Soon after those efforts had begun, a portion of Yankee Pier collapsed, and the researchers’ access was once again restricted because of safety concerns. They have since focused on Lima, the only pier currently open to commercial boats, bolstering the habitat with crushed oyster shells and small wooden shelters. “Even something as simple as throwing grass clippings or hay—that can make a big difference,” Craig says. Funding permitting, she and her partners at New York City APP would like to install a webcam, use a drone for remote monitoring, and perhaps get hold of a boat so they can improve the other two piers, too. “They’re being forced to use suboptimal habitat,” Craig says, “but we can make it better for them.” With any luck, she adds, the colony’s population will soon grow.
In the past three seasons of banding, Craig and her team have discovered terns that have returned to Governors Island, most often to the same pier. Though this kind of site fidelity isn’t uncommon in seabirds, it’s a sign that the population is self-sustaining, says Susan Elbin, director of conservation and science at New York City APP. “The birds aren’t stupid,” she says. “They’re not going to come back to a place that doesn’t provide what they need.”
The researchers also found a tern that had been tagged in Argentina, indicating that’s where at least part of the colony spends the winter. Confirming this could prompt conservation action in South America as well. “It doesn’t make sense to protect them on one end and not the other,” Elbin notes.
On a Sunday morning in July, after banding nine chicks, ranging from three-day-old fluff balls to three-week-old sass balls, Craig captures two adults in traps and outfits them with tiny geolocators. Unlike satellite transmitters, geolocators must be recovered to access the data they collect. If either of these terns shows up on the piers again, Craig and her team will be able to determine their migration route, where they spend the winter, and even a bit about their daily foraging behavior.
Meanwhile, Elbin, Craig, and others hope to turn the Governors Island birds into ambassadors for Gotham’s surprising biodiversity. (The city is home to some 300 bird species, as well as to coyotes, deer, sharks, and harbor seals.) To that end, New York City APP and other local conservation groups host their second annual tern festival after Sunday’s banding session (aptly named the 'It's Your Tern Festival 2015!). “The opportunity to bring New Yorkers so close to a Common Tern colony is irresistible,” says Elbin, who has swapped her T-shirt and khakis for a homemade Common Tern costume. “It’s better than a soap opera” in terms of drama, she adds: lots of fighting plus the occasional extra-pair copulation.
In addition to music, art projects, nature tours, and a scavenger hunt, New York City APP sets up spotting scopes next to the fenced-off portion of Yankee Pier.
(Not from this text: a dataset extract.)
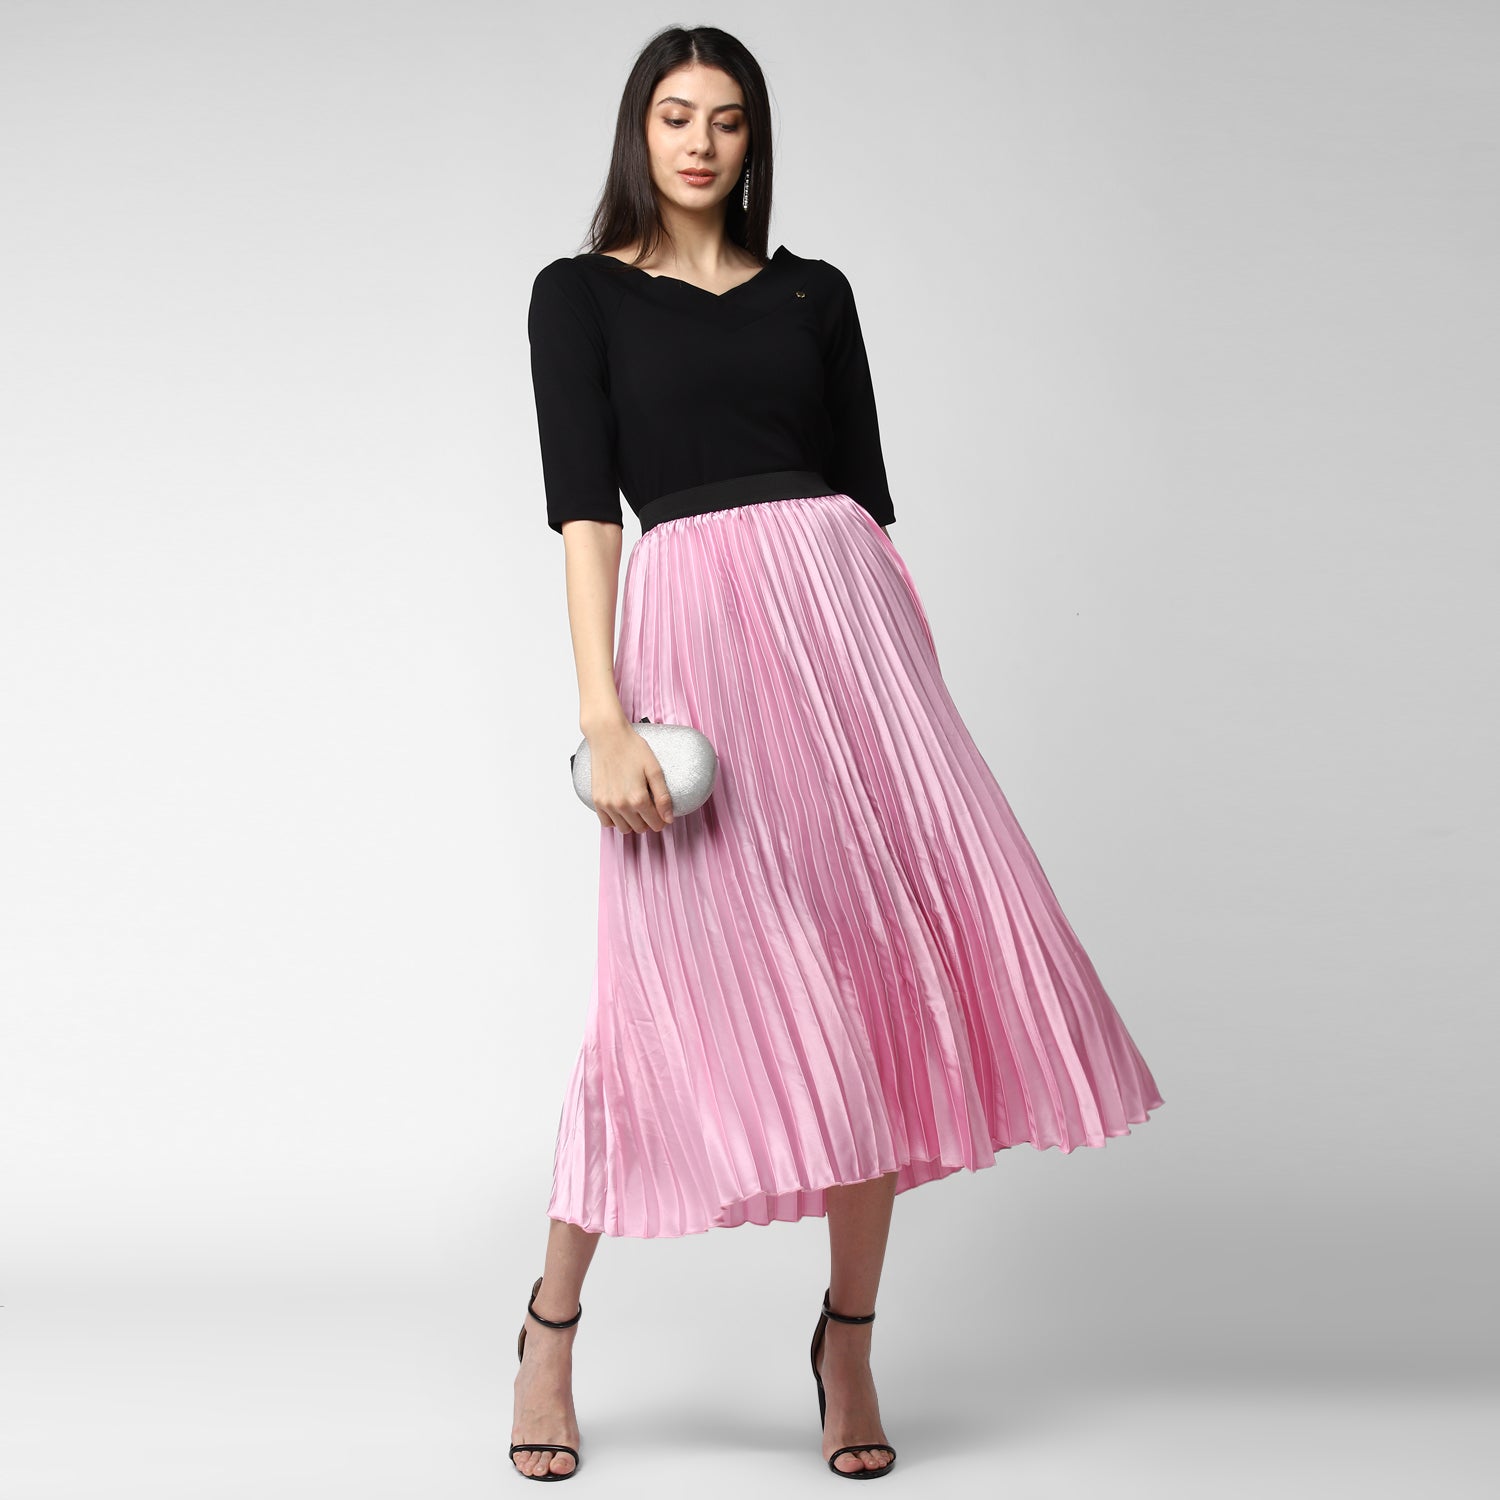 Women's Pink Satin Pleated Skirt - StyleStone

A couple dozen people line up to look at the terns, ignoring for a moment both the mid-90s heat and the stunning views of Manhattan, Brooklyn, Jersey City, Staten Island, and the Statue of Liberty. Macy Lao, a digital producer from Brooklyn, watches an adult tern ignore the incessant begging cries of its young. “It’s kind of like a parent at the mall leaving their kid to have a tantrum,” she says. “These are the things that you wouldn’t expect in New York, but that are still part of New York.”